Teyla bit her lip, refraining from saying, ‘Except about forty Wraith!’ That would be extremely counterproductive. John was doing a fine job of countering the strangeness and spookiness of the labyrinth with humor, and it would not be a good idea to deflate him. Especially as the one most in need of something to keep him going with was probably John. He ought to be lying down resting, not swimming across icy streams and climbing walls.

“Onward and downward then!” He took the torch from Jitrine and started down the corridor, back into the heart of the maze, leaving wet footprints on the floor of the corridor behind him. His boots made a distinct squishing noise.

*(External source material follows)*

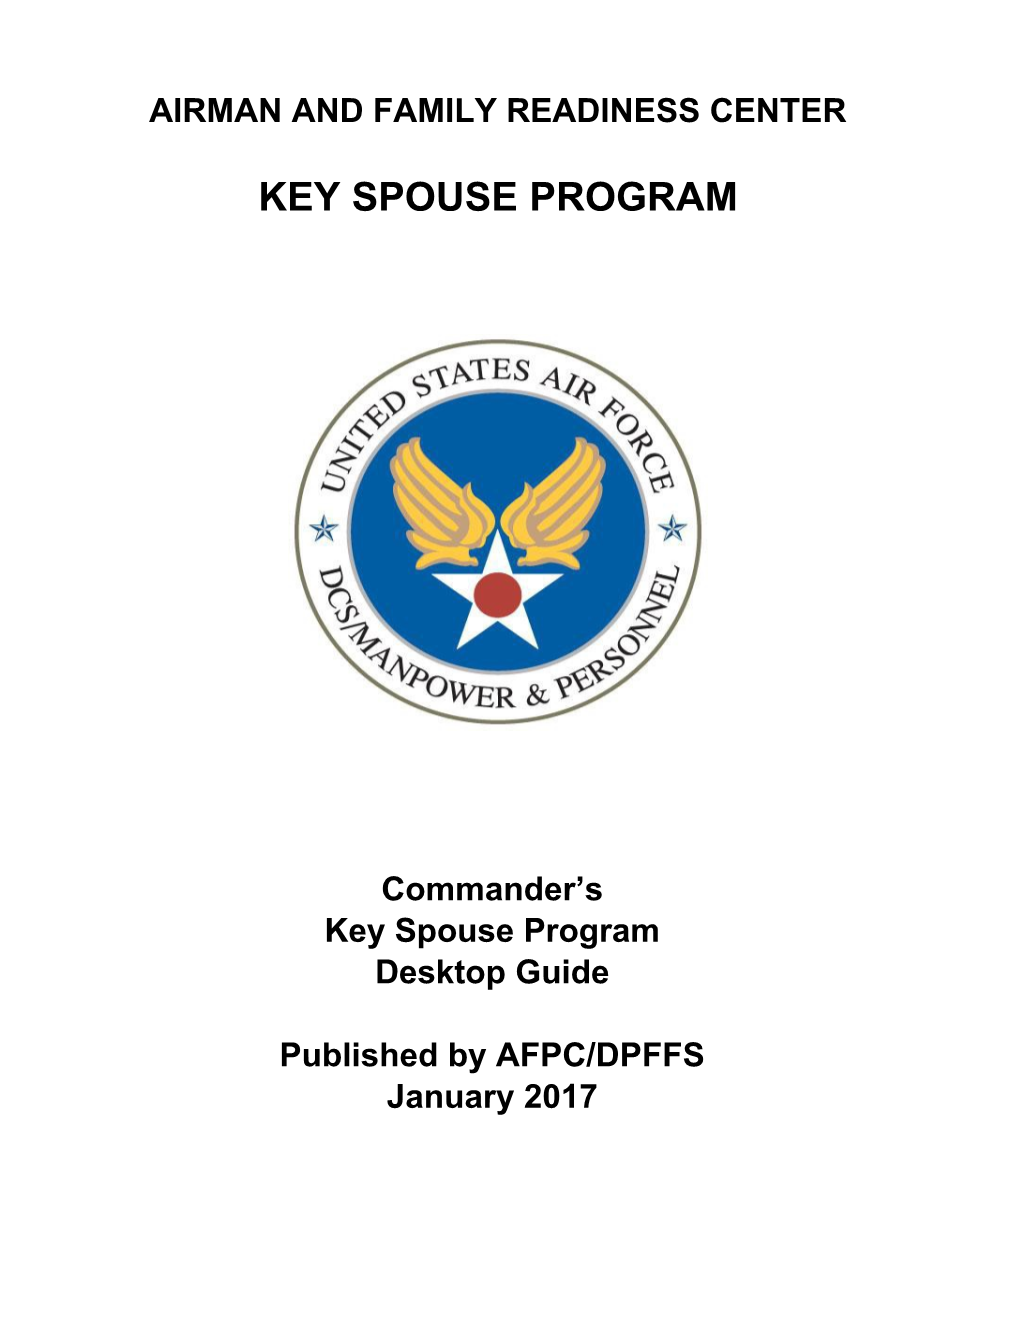 Key Spouse Program CC Key Spouse Desktop Guide

Suua came just behind him. “To the left,” Suua said. “And then down the stairs. That’s where we came from before we doubled back here to come to the water.”

“Got it,” John said. “Teyla, on six.”

She took up her usual place in the rear, behind Nevin, who turned and smiled at her. “Do you want this back?” He held out her jacket, the one she had shed before leaping in the stream after John.

“Yes, thank you so much,” Teyla said, taking it and putting it on. It was warm and dry, and she felt it improve her morale on the spot.

Ahead, John froze silhouetted against the faint light that came around the corner from the corridor ahead.

“Shhhh,” Teyla whispered to Nevin, who had begun to say something. She held up a warning finger as they all came to a halt.

John looked back at her, meeting her eyes, and passed the torch to Suua. He was going ahead to scout.

From around the corner ahead came a scarlet glow, as though there was a vast inferno. Or a bunch of red lights. Teyla shook her head. These kind of mindgames with the credulous were so characteristic of the Wraith, who loved to torment their prey.

Anger began a slow burn in her belly. Anger is good, she thought. Anger keeps you strong. Anger makes you warm.

John slipped off down the corridor ahead, a dark shadow against the ruby light. It was some minutes before he returned, and when he did he herded them all back up the corridor and behind the first turn.

“What is it?” Teyla whispered.

“The big monster,” John said grimly.

Chapter Twenty-Eight

Teyla crept forward, peering around the corner. The corridor broadened out into a large chamber, though she could only see part of it from her vantage point. It looked like another cave, but instead of being partially filled with a frigid lake, this one seemed to be filled with pits of fire. The floor was uneven, marked with narrow paths between sharp stalagmites, though even those paths were broken and a person crossing them would have to stop and carefully climb over the stones. Here and there, among the stalagmites and stones, vents of steam emerged unexpectedly from the ground, shooting into the air in great gouts, rendered pink and red by the lights below.

No, thought Teyla, there were no real fires. Those were lights. But the steam was real, as was evidenced by one of the men leaping backwards from the edge of a vent, holding his scalded arm.